Выбрать главу

«Вместе с ними — пишет Ширяев — уживались и исполняли свои роли казак-бандит Алексей Чекмаза, вор Семен Пчелка, забывший свое подлинное имя, портовая притоносодержательница из Кронштадта Кораблиха. Все их горести и радости на сцене разделяла свободная, очень красивая и талантливая девушка, засиживавшаяся на репетициях до поздней ночи. Она была свояченицей Петрова, командира охранявшего нас полка. Он даже поощрял ее участие в театре, где она воспринимала манеры и шарм от каторжанок-артистократок.

Театр избрал себе название ХЛАМ — Художники-Литераторы-Артисты-Музыканты, (не подозревая, что под ним раньше подвизалась одна из театральных трупп в Одессе, а позже В Киеве, в первые пореволюционные годы так называлось чье-то частное кафе. М. Р.).

К 1926 году театр настолько окреп и „возмужал“, что мог ежемесячно давать по две премьеры, т. е. по две новых постановки. Два раза в неделю шли платные спектакли, на которых можно было сидеть, разговаривать и гулять в антрактах со своей „дамой сердца“, а два раза — бесплатные, и тогда женщин приводила и уводила строем их старостиха».

Такой порядок существовал до 1933 года, а как было после — не знаем. Это подтверждают все летописцы.

«К пьесам — рассказывает дальше Ширяев — добавились эстрадные вечера на местные злободневные темы.
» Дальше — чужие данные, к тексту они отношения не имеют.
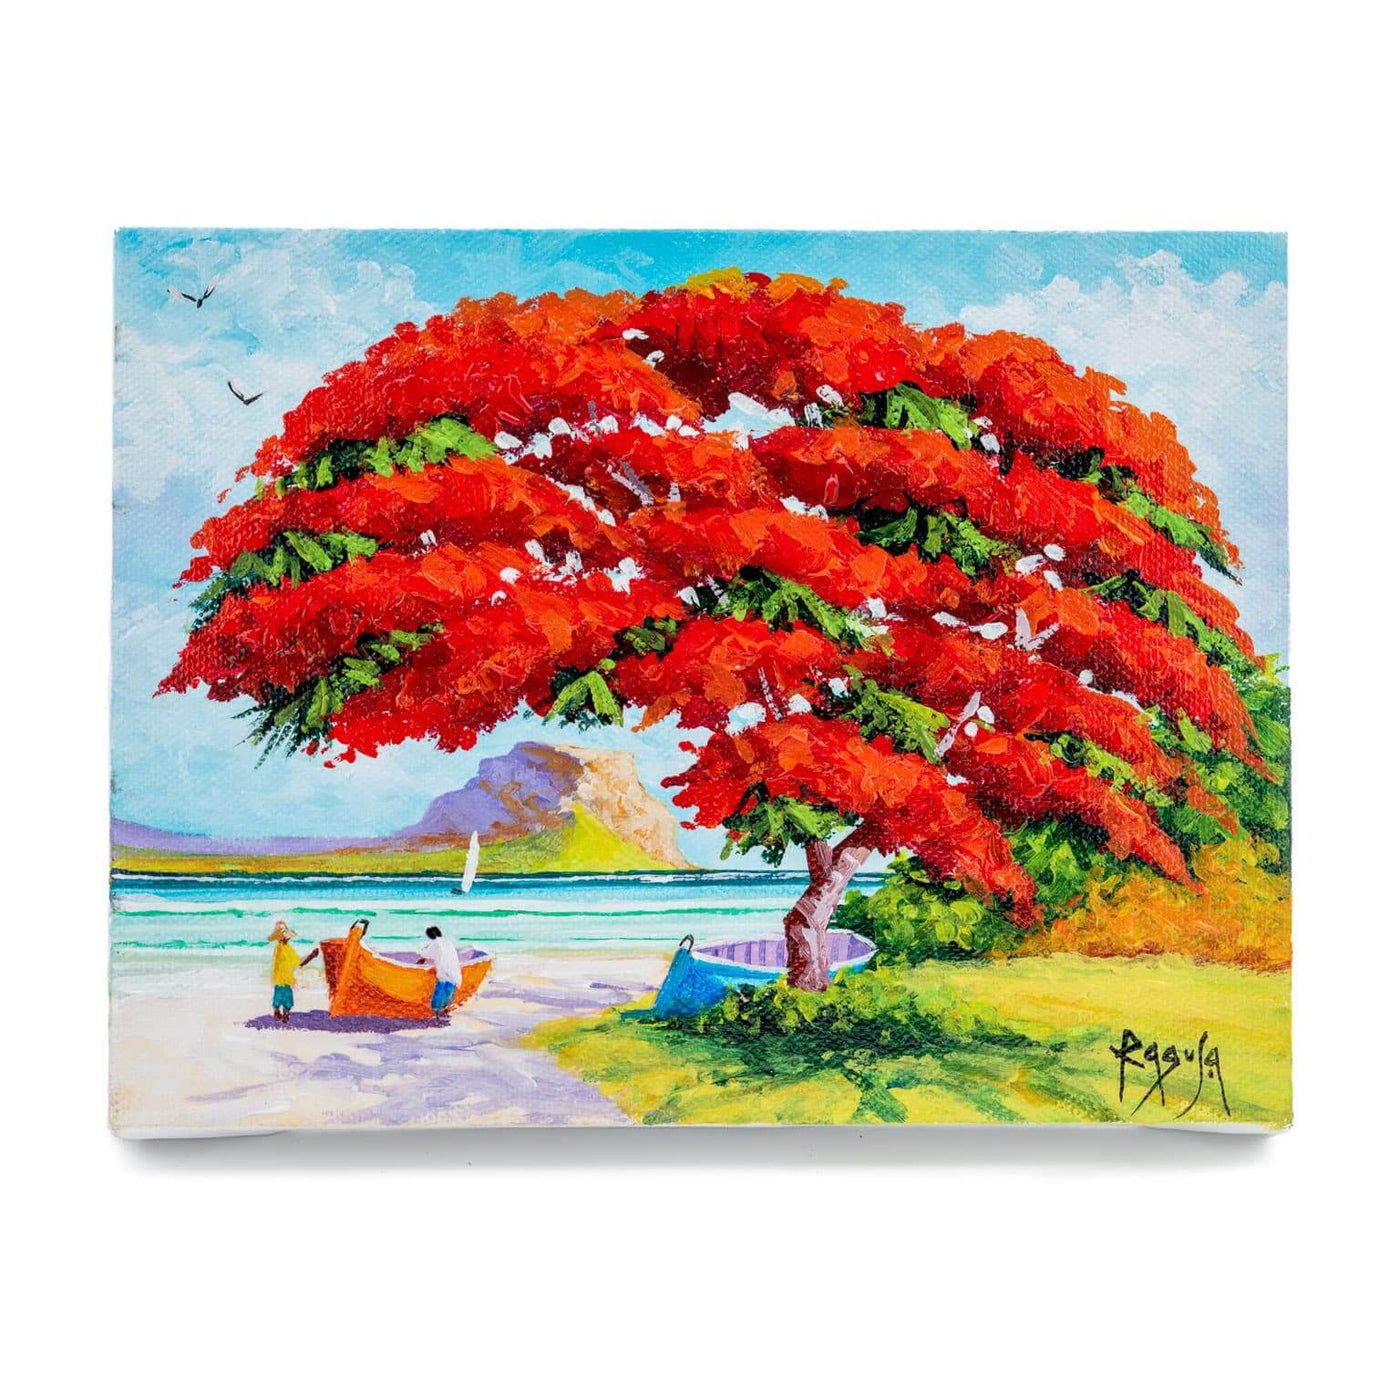 Mauritius-Authentic-HandMade-Painting-Pino Ragusa, "Flaboyant et Morne"-DodoMarket

На одном из них Жорж Леон, умело балансируя на острие лагерного меча, вызвал хохот сидевшей в креслах Разгрузочной комиссии и ее председателя Бокия. Жоржу Леону комиссия „скостила“ срок с трех лет до двух, Глубоковскому с десяти — на восемь».

Про себя составитель скетчей и артист Ширяев умалчивает, но, видно, и ему с десяткой привезенному на остров в 1923 году, что-то сбавили. (Иначе его не освободили бы из Соловков в 1927 году. Вообще в этот приезд Комиссия, по словам Ширяева, была не особенно щедрой: «Освободили 20–30 хозяйственников и уголовников, а двум-трем сотням уменьшили сроки».

Над чем же надрывали животики лубянские и соловецкие сатрапы? Чем их пощекотала артистическая и литературная братия? Ее там при театре и редакции околачивалось тогда не мало: Н. К. Литвин, сотрудник ростовских газет, потом эмигрант и сменовеховец, Борис Емельянов, поэт и блестящий версификатор, известный больше своим черным плащом-крылаткой, поэт Н. Бергер, оказавшийся потом, как и Ширяев, во второй эмиграции и писавший тут под псевдонимом Божидар и др., всех ли упомнишь! Значительно больше имен перечисляет Гернет в жур. «Право и жизнь» в рецензии на «Соловецкие острова».

Сохраним потомству куплеты из скетчей по книгам Ширяева и Андреева, добавив к ним те, что я припомнил с неминуемыми пропусками отдельных строк и даже четверостиший, — прошло ведь с той поры больше чем полвека!

Край наш, край соловецкий, Ты для шпаны и для каэров чудный край! Смело с улыбкой детской Ты песенку про лагерь запевай.
Соловки открыл монах Савватий, Был тот остров неустроенный пустырь. За Савватием шли толпы черных братии. Так возник великий монастырь.
Но теперь совсем иные лица Прут и прут сюда со всех сторон. Тут сплелися быль и небылица И замолк китежный древний звон.
И со всех углов Советского Союза Едут, едут, едут без конца, Все смешалось: фрак, армяк и блуза, Не видать знакомого лица.
Тут попы, шпана, каэры Доживают век. Тут статья для всех найдется, Был бы человек.
* * *
Море Белое, водная ширь, Соловецкий былой монастырь Со всей русской бескрайней земли Нас на горе сюда привезли.
Занесет нас зимою мятель И запрячет на полгода в щель. Лишь весною найдут рыбаки Соловки, Соловки, Соловки.
Мило нам из щели соловецкой В даль взглянуть с улыбкой ясной, детской. Приходите к нам и слушайте, как тут Песенки веселые поют.
Здесь УСЛОН раскинул свои сети, В эти сети прет восторженный народ. Но не знают совсем Соловки, Ни забот, ни тревог, ни тоски.